### MATERIAL PROVIDED
........

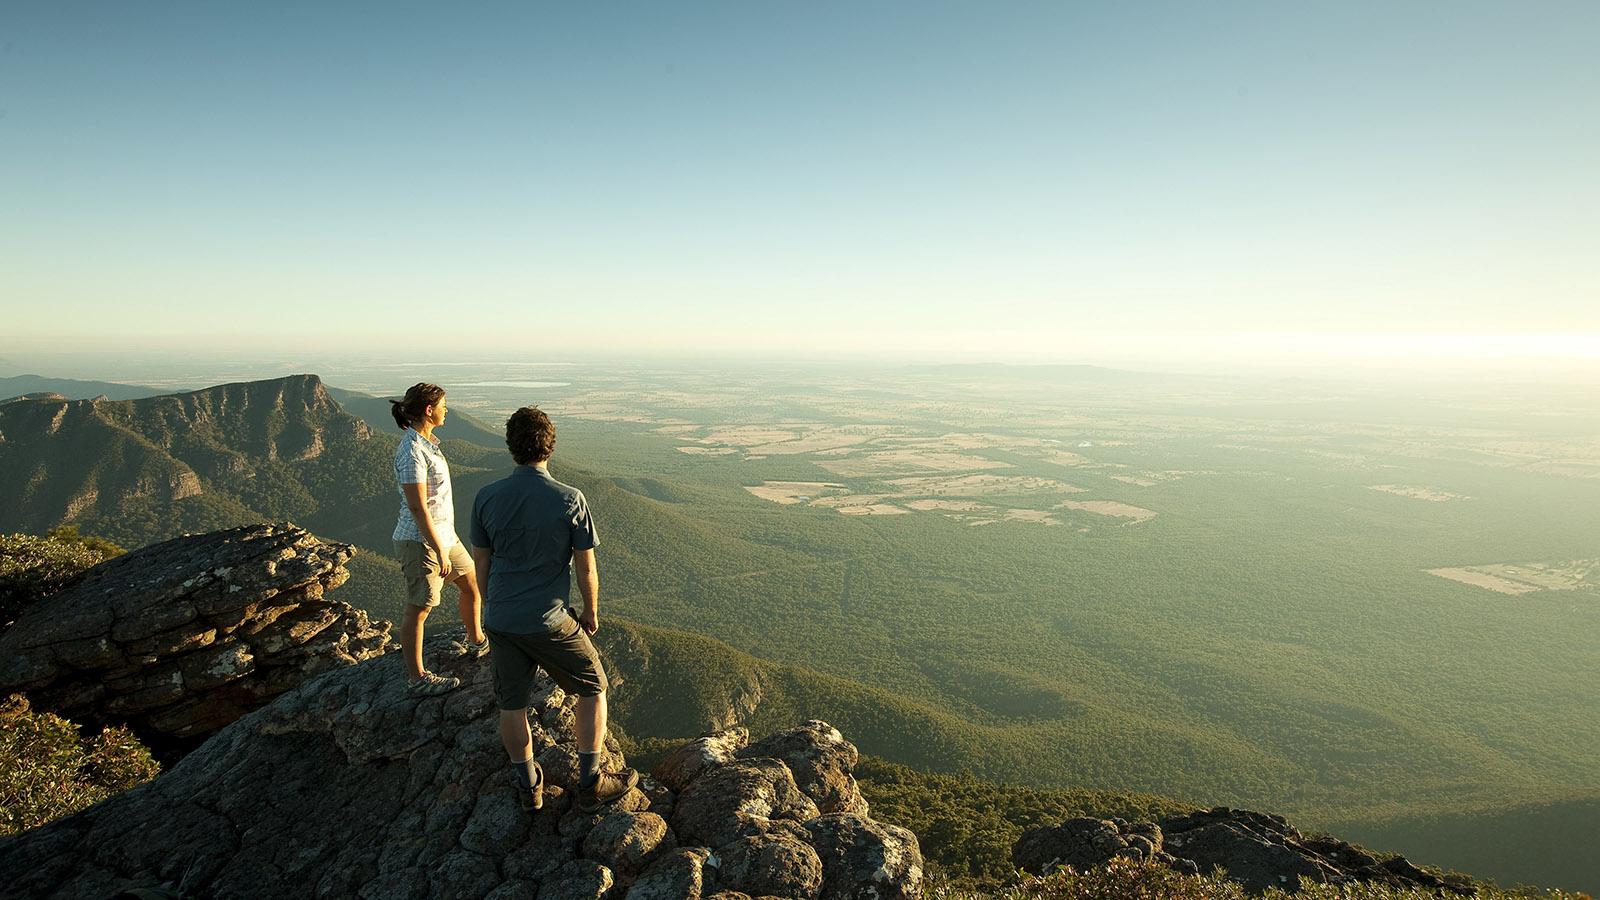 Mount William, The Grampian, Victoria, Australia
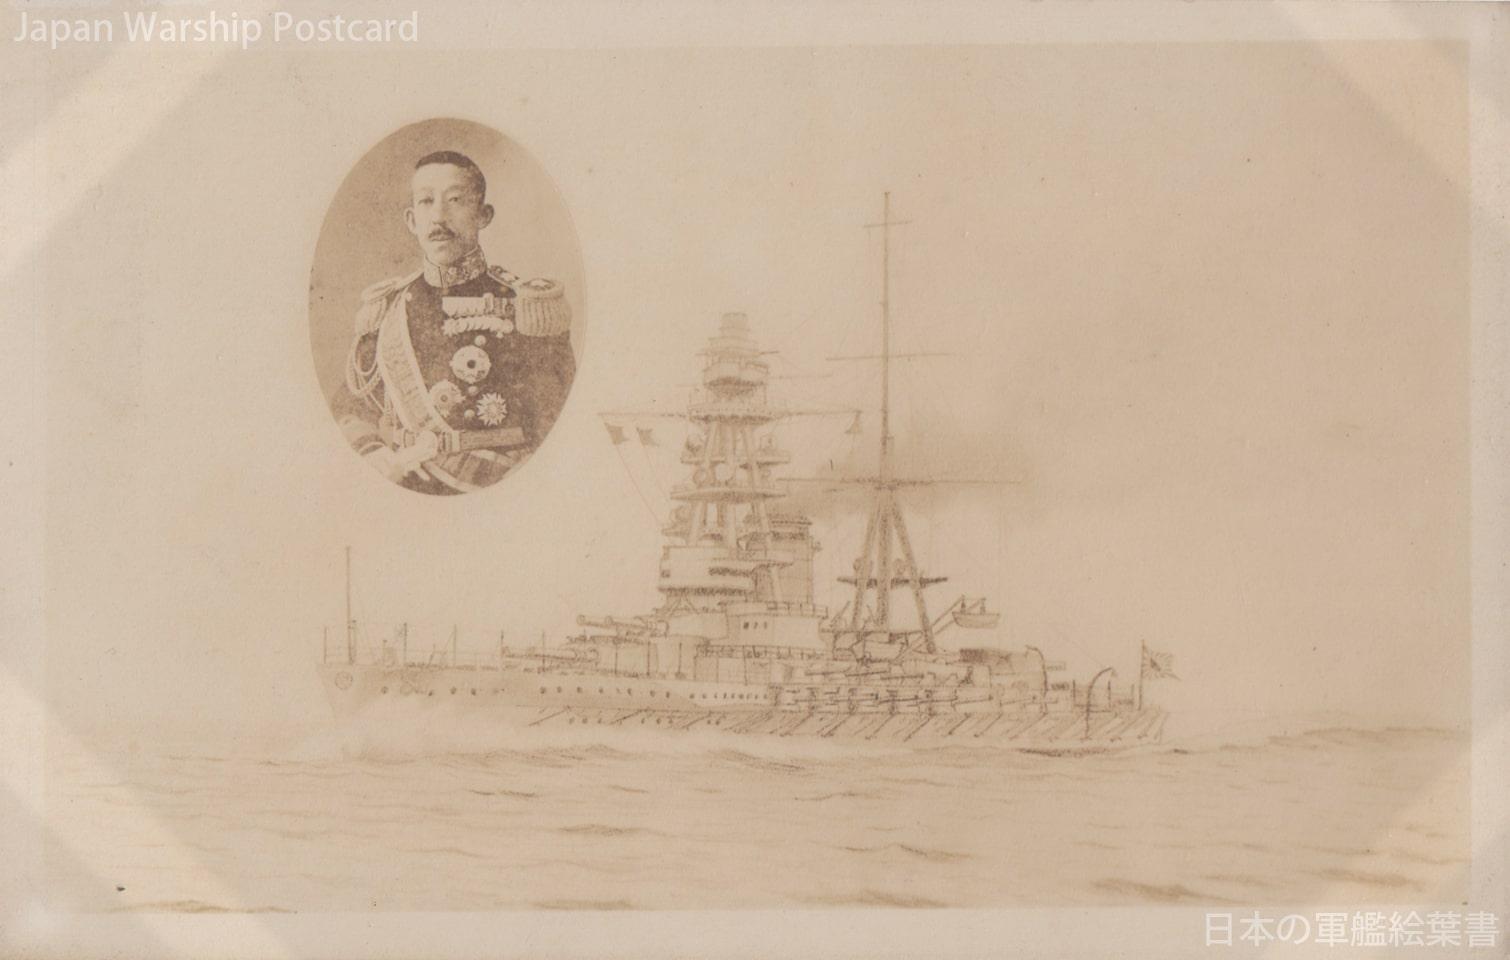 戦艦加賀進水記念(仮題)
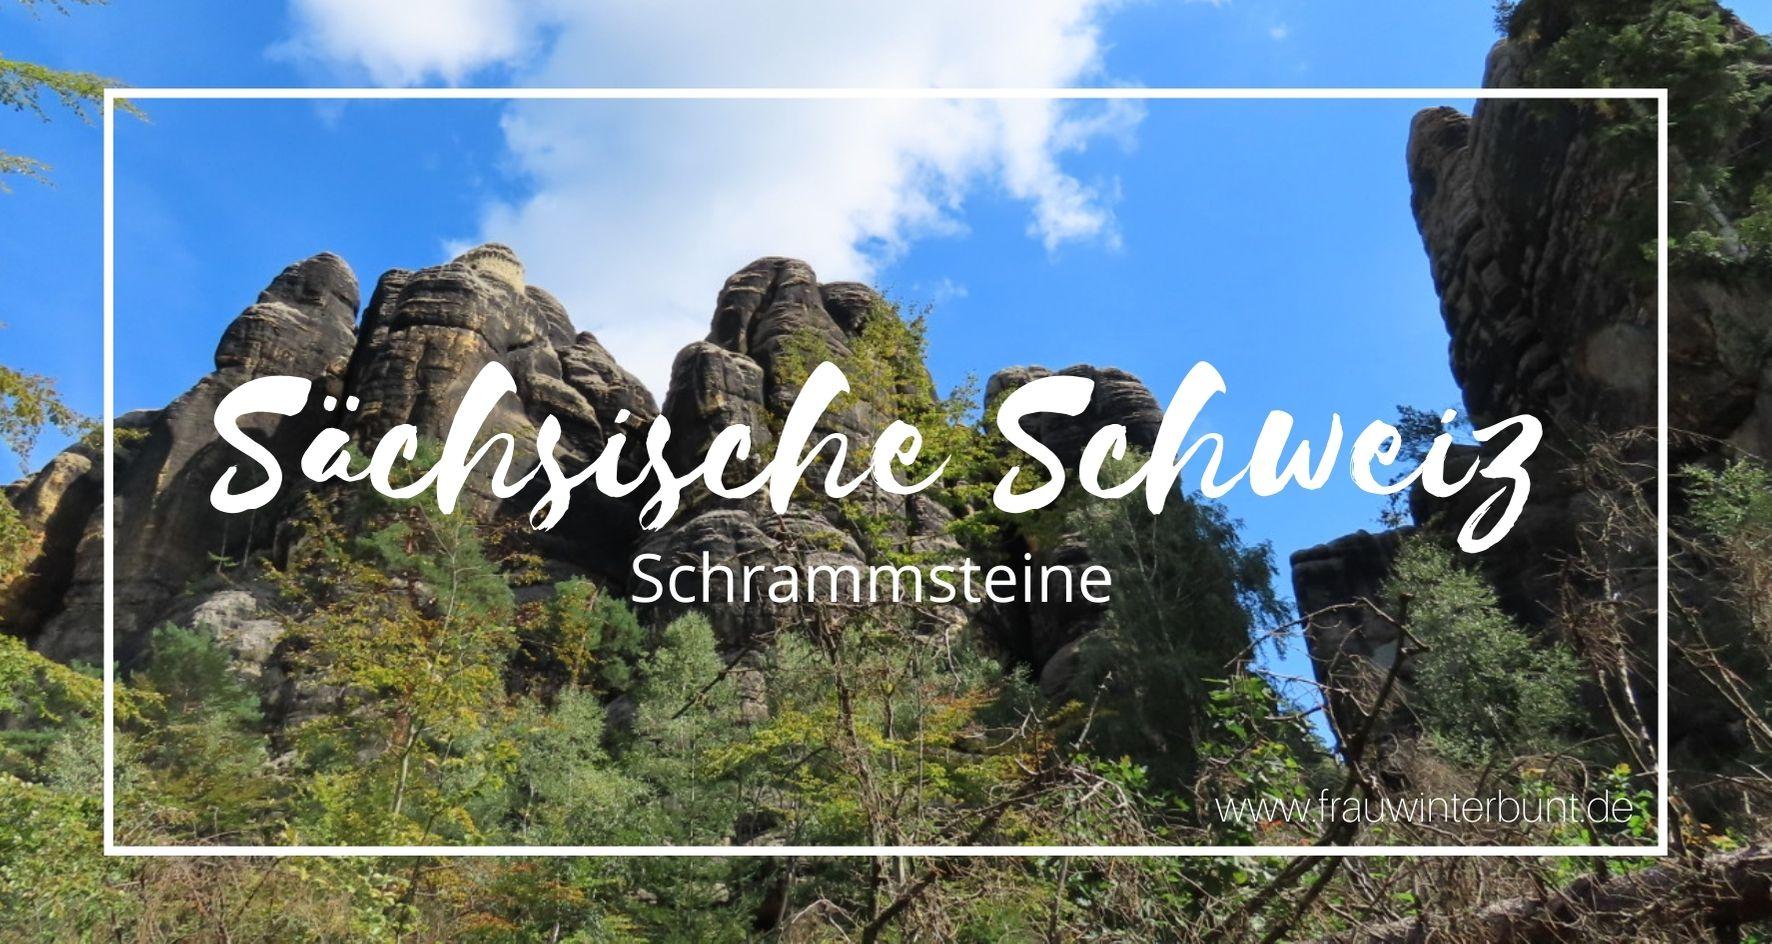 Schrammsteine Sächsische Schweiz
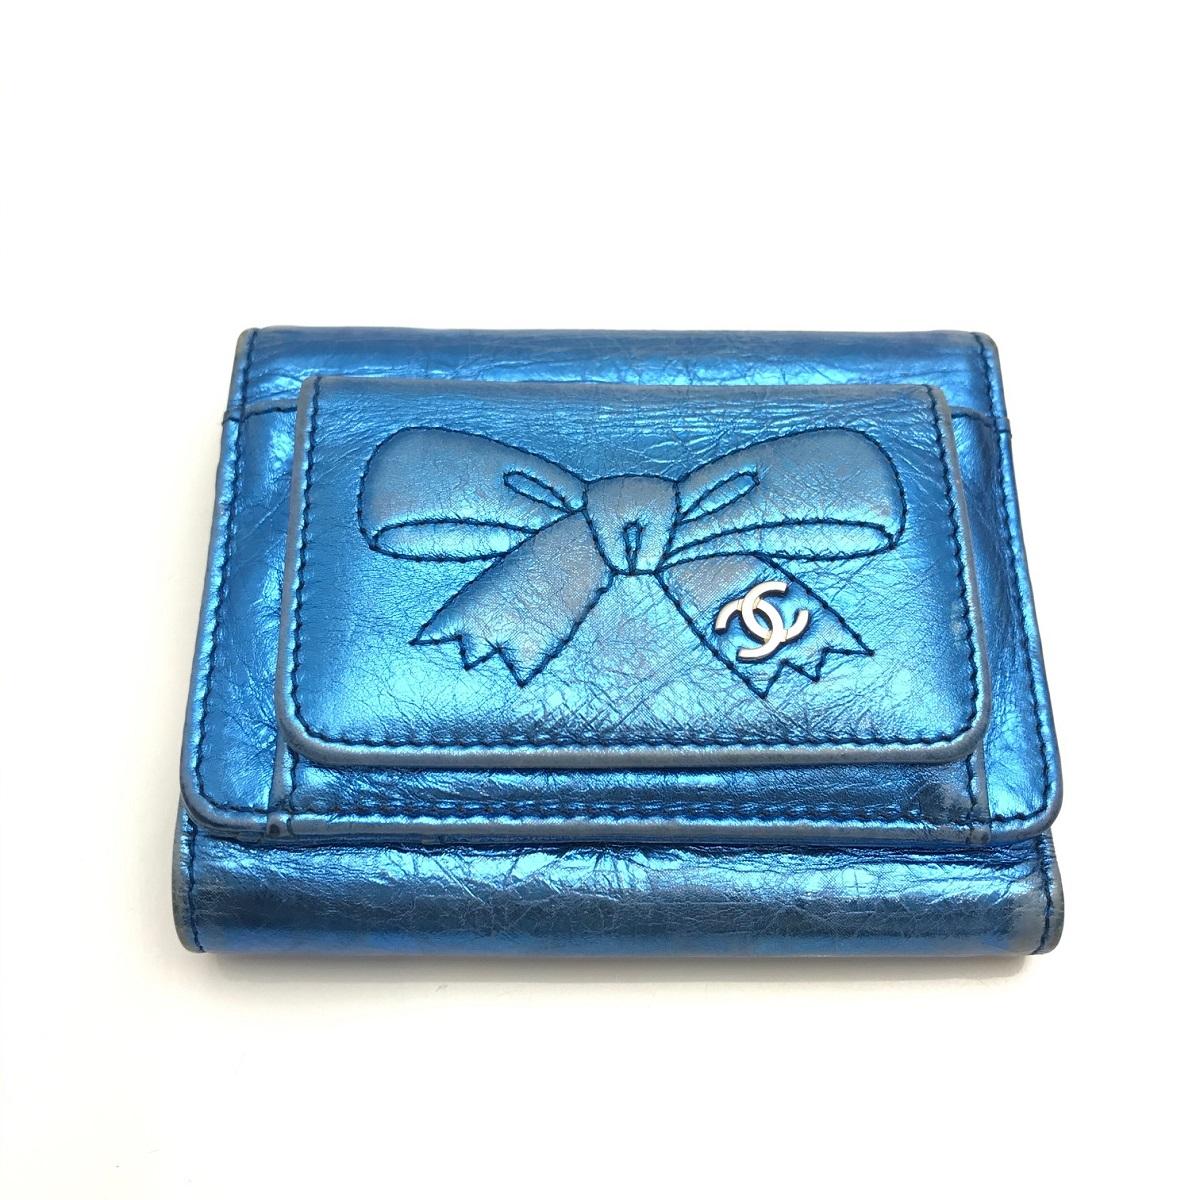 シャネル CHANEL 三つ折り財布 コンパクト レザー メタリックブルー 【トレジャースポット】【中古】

........

### TASK BRIEF
Copy the whole of the material above exactly, and exclude every picture.

### YOUR SOLUTION
 Mount William, The Grampian, Victoria, Australia
 戦艦加賀進水記念(仮題)
 Schrammsteine Sächsische Schweiz
 シャネル CHANEL 三つ折り財布 コンパクト レザー メタリックブルー 【トレジャースポット】【中古】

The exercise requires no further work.